In any case, the list of products now offered by Stripe is long — longer, you might say, than it takes to incorporate a Stripe service into a developer workflow. In addition to its API-based flagship payments product — which is available as a direct service or, via Stripe Connect, for third parties via marketplaces and other platforms — it offers billing and invoicing, in-person payment services (via Terminal), business analytics, fraud prevention on transactions (Radar), company incorporation (Atlas), and a range of content around business strategy.

Some of these Stripe products are free to use, and some come at a price: the main point for offering them together is to build more engagement and loyalty from customers to keep them from migrating to other services. In that regard, credit cards are a cornerstone of how businesses operate, to handle day-to-day expenses in a more accountable way, and this is an area that is already well-served by others, including startups like Brex but also a plethora of challenger and traditional banks. So as much as anything else, this is a clear move to help stave off competition.

At the same time, it underscores how Stripe is leveraging the huge amount of data that it has amassed about its users and payments on the platform: it’s not just about enabling single services, but about using the byproducts of those services — data — to put fuel into new products.

Today, to underscore its global ambitions in that regard, Stripe is adding some expansions to several of its existing products. For example, it will now allow businesses to make payouts in local currencies in 45 countries (an important detail, for example, for marketplaces and network-based companies like ridesharing businesses).

The credit card product will follow a model similar to that of Stripe Capital. As with the lending product, there is a single bank issuing the credit and the card. Amber Feng, head of financial infrastructure for Stripe, confirmed to me that it is actually the same bank that’s providing the cash behind Stripe Capital. Stripe is still declining to name the bank itself, but hints that we may hear more about it soon, which leads me to wonder what news might be coming next.
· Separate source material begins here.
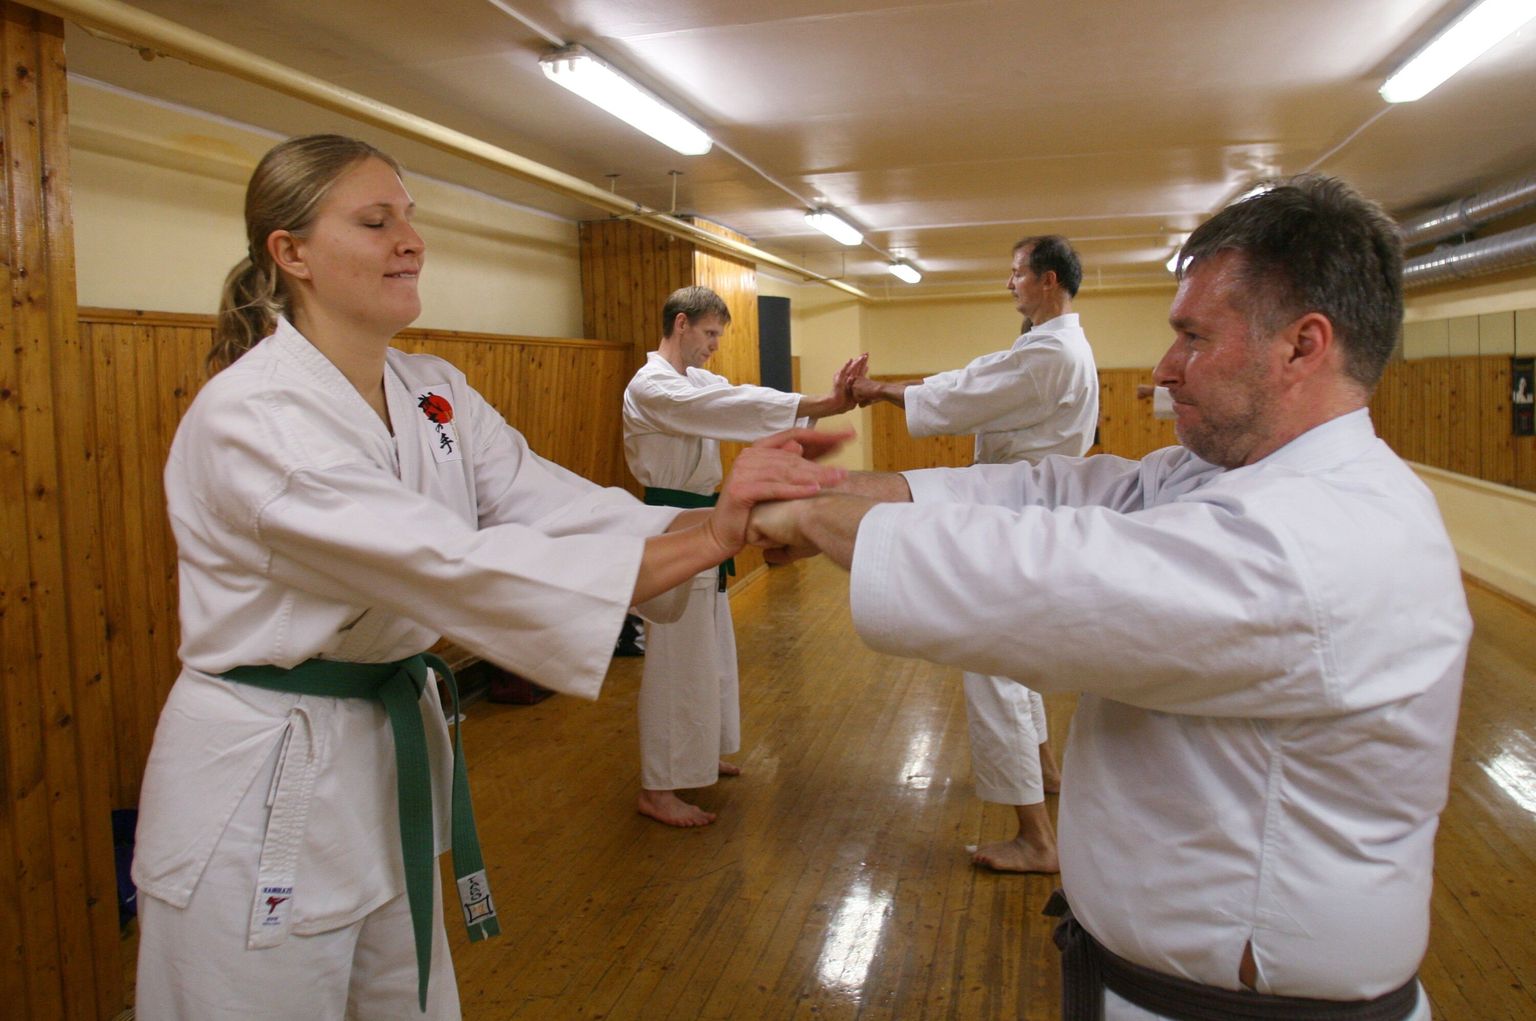 Tartu Karateklubi Shotokan karate treening. Liisi Laasik (vaskaul) ja Tanel Muul.

(Funding perhaps would make sense? The company has raised a whopping $785 million to date and has a valuation of $22.5 billion at the moment. Given that Stripe has made indications that a public listing is not on the cards soon, that might imply, with the launch of these new financing products, that more capital might be raised soon.)

Also similar to Stripe Capital, the underwriting of the card is based on Stripe data. That is to say, business users are verified and approved based on turnover (revenues) as measured by the Stripe payments platform itself; and in cases where applicants are “pre-revenue”, they can be evaluated based on other data sources. For example, if they have used Stripe Atlas to incorporate their businesses, the paperwork supplied for that is used by Stripe to vet the customer’s suitability for a credit card.  

Notably, the cards will be delivered in the spirit of instant gratification: if you are applying and get approved, you can download a virtual card within minutes to your Apple Wallet as you await the physical card to arrive in the post.

Stripe is big on data in its own business, and it’s bringing some of that into this product with spending controls that can be set by person and by category; real-time expense reporting by way of texts; rewards of 2% back on spending in the business’s most-used categories; and integration with financial software like Quickbooks and Expensify.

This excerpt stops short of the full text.